Ni Groenlandia ni Ucrania: el histórico territorio europeo que está en riesgo por uno de los aliados de la OTANLas islas griegas son foco de conflicto con Turquía.

Las aguas territoriales, el espacio aéreo, las zonas económicas exclusivas (ZEE), la soberanía sobre islas e islotes, los derechos de explotación de recursos, son tensiones que han provocado crisis militares serias, especialmente en 1987 y 1996, cuando Grecia y Turquía estuvieron al borde de un enfrentamiento armado.

La disputa se agrava por la geografía: el Egeo es un mosaico de islas griegas muy próximas a la costa turca, lo que alimenta las reclamaciones de Ankara y la percepción griega de amenaza existencial.
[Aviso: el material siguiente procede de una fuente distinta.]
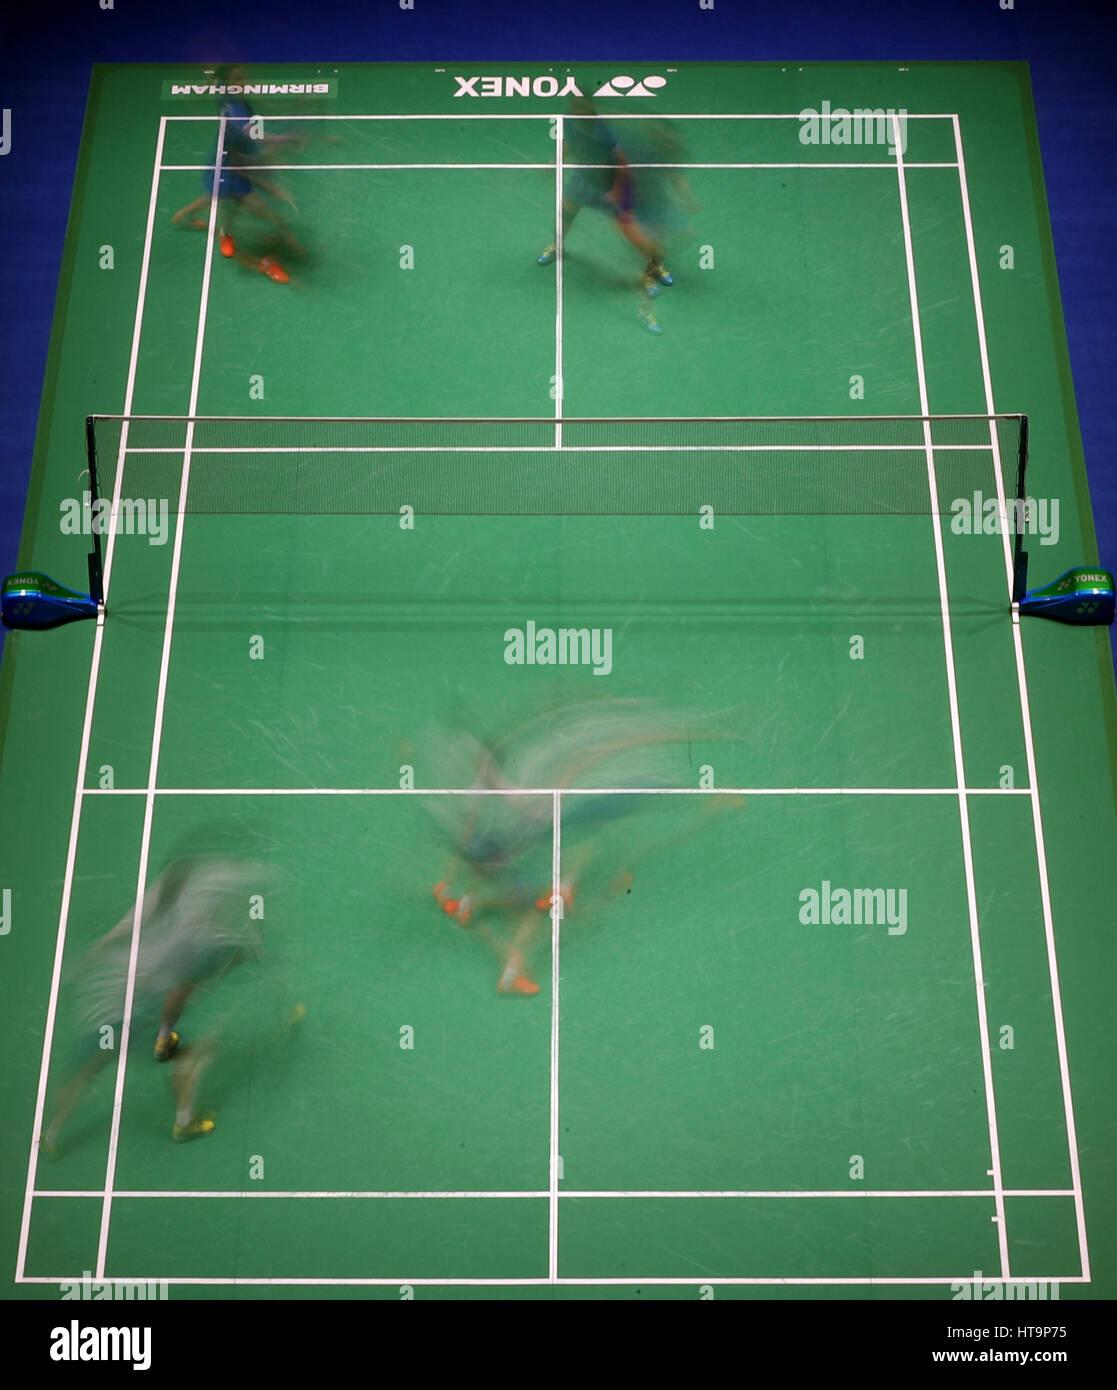 China s Huang Kaixiang and Wang Yilyu during their Women s doubles

En este contexto, Grecia teme que Turquía reclame o intente controlar islas griegas cercanas a su costa, algo que Erdogan ha insinuado en múltiples ocasiones; cuestione la soberanía griega sobre islotes deshabitados, como ocurrió en la crisis de Imia/Kardak en 1996, y llegue a presionar para desmilitarizar las islas griegas, alegando que su militarización viola tratados, mientras Grecia sostiene que es una medida defensiva ante la amenaza turca.

A este problema entre vecinos se suma que Grecia y Turquía son miembros de la OTAN desde 1952, lo que coloca a la Alianza en una posición extremadamente delicada. Si atacan a uno, deben defender todos. Aunque, oficialmente, la OTAN no interviene en disputas bilaterales entre aliados, salvo para facilitar canales de diálogo. No suele tomar partido en cuestiones de soberanía, pero si Turquía aprieta, y da un paso al frente, deberá responder. Un paralelismo con Groenlandia que será el ejemplo a seguir.
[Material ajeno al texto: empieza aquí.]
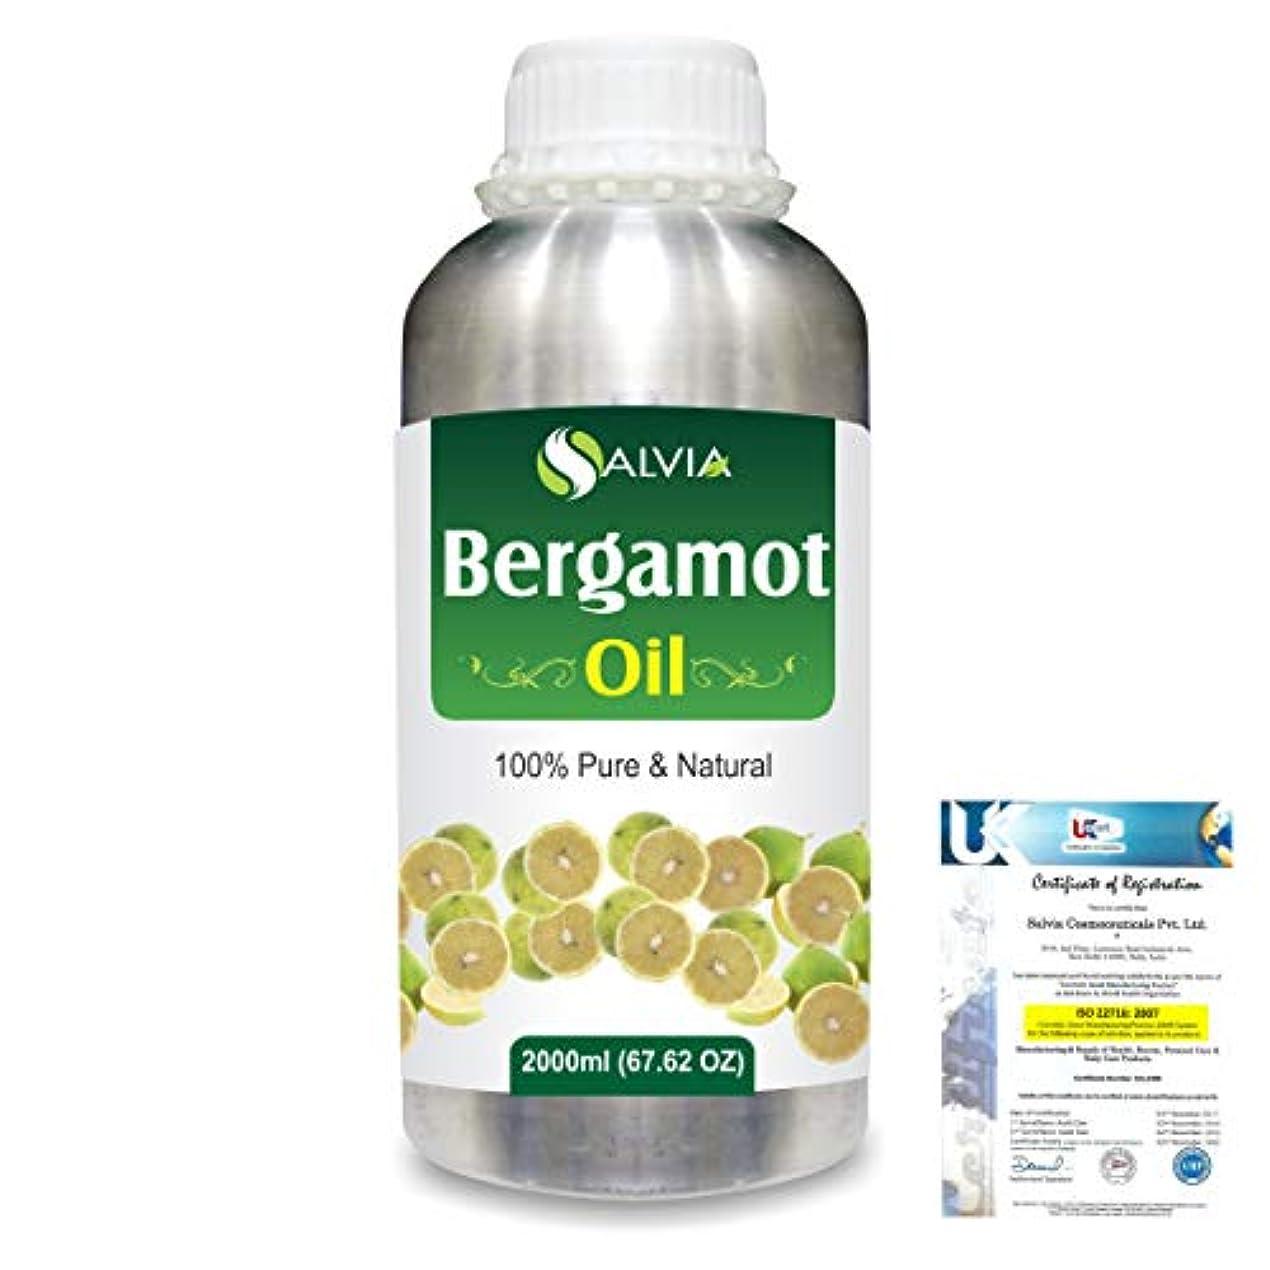 ペチュランスセッティングベッツィトロットウッドBergamot (Citrus aurantium) 100% Natural Pure Essential Oil 2000ml/67 fl.oz.

Grecia siente que la OTAN no la protege frente a Turquía, pese a ser ambos aliados. Turquía, por su parte, utiliza su peso estratégico, posición en el flanco sur, el control en el Mar Negro, su autoridad en Oriente Medio) para presionar sin temor a posibles sanciones internas. El papel de Mark Rutte como Secretario general de la Organización del Tratado del Atlántico Norte se antoja en este momento decisivo. No sólo por qué está en juego, sino por las repercusiones en el resto de estados miembros, en el resto de fronteras.